Should never contain module code.

Module Pattern

When to use:

Once you've created a reusable module, it should reside in a separate repository, so that it is a manageable and reusable component with ots own life-cycle. A module should always contain an example implementation and documentation. Repositories are named after their purpose and technology terraform-<PROVIDER>-<NAME>. Versioning uses the Semantic scheme.
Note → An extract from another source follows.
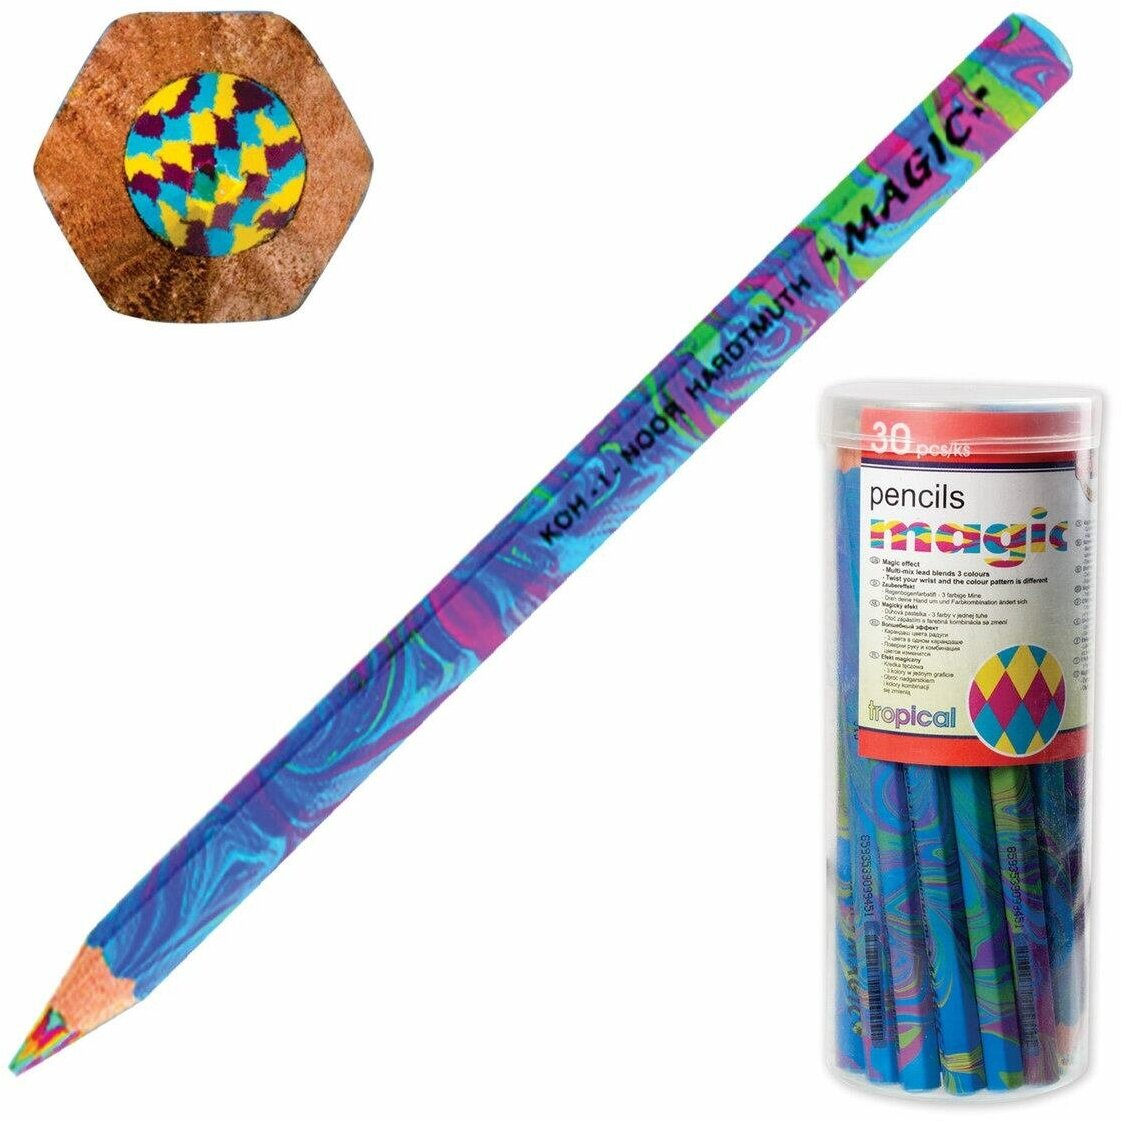 Карандаш с многоцветным грифелем KOH-I-NOOR 1 штука, Magic "Tropical", 5,6 мм, заточенный (3405002031TD)

Below is the layout for a module for activemq

└───terraform-aws-activemq
    │   .gitattributes
    │   .gitignore
    │   .markdownlint.json
    │   .markdownlintrc
    │   .pre-commit-config.yaml
    │   .terraformignore
    │   aws_mq_broker.broker.tf
    │   aws_mq_configuration.broker.tf
    │   aws_security_group.broker.tf
    │   LICENSE
    │   main.tf
    │   outputs.tf
    │   password.tf
    │   README.md
    │   validate.ps1
    │   validate.sh
    │   variables.tf
    │
    ├───.chglog
    │       CHANGELOG.tpl.md
    │       config.yml
    │
    ├───.dependabot
    │       config.yml
    │
    ├───.github
    │   └───workflows
    │           main.yml
    │
    └───example
        └───examplea
                data.network.tf
                examplea.auto.tfvars
                Makefile
                module.broker.tf
                outputs.tf
                provider.aws.tf
                variables.tf

Cons

  • None

Pros

  • Simple.
  • Module has own life-cycle, versioning and testing process.
  • Re-use by design.
  • Allows you to fix module versions across environments and promote a module through an applications stages.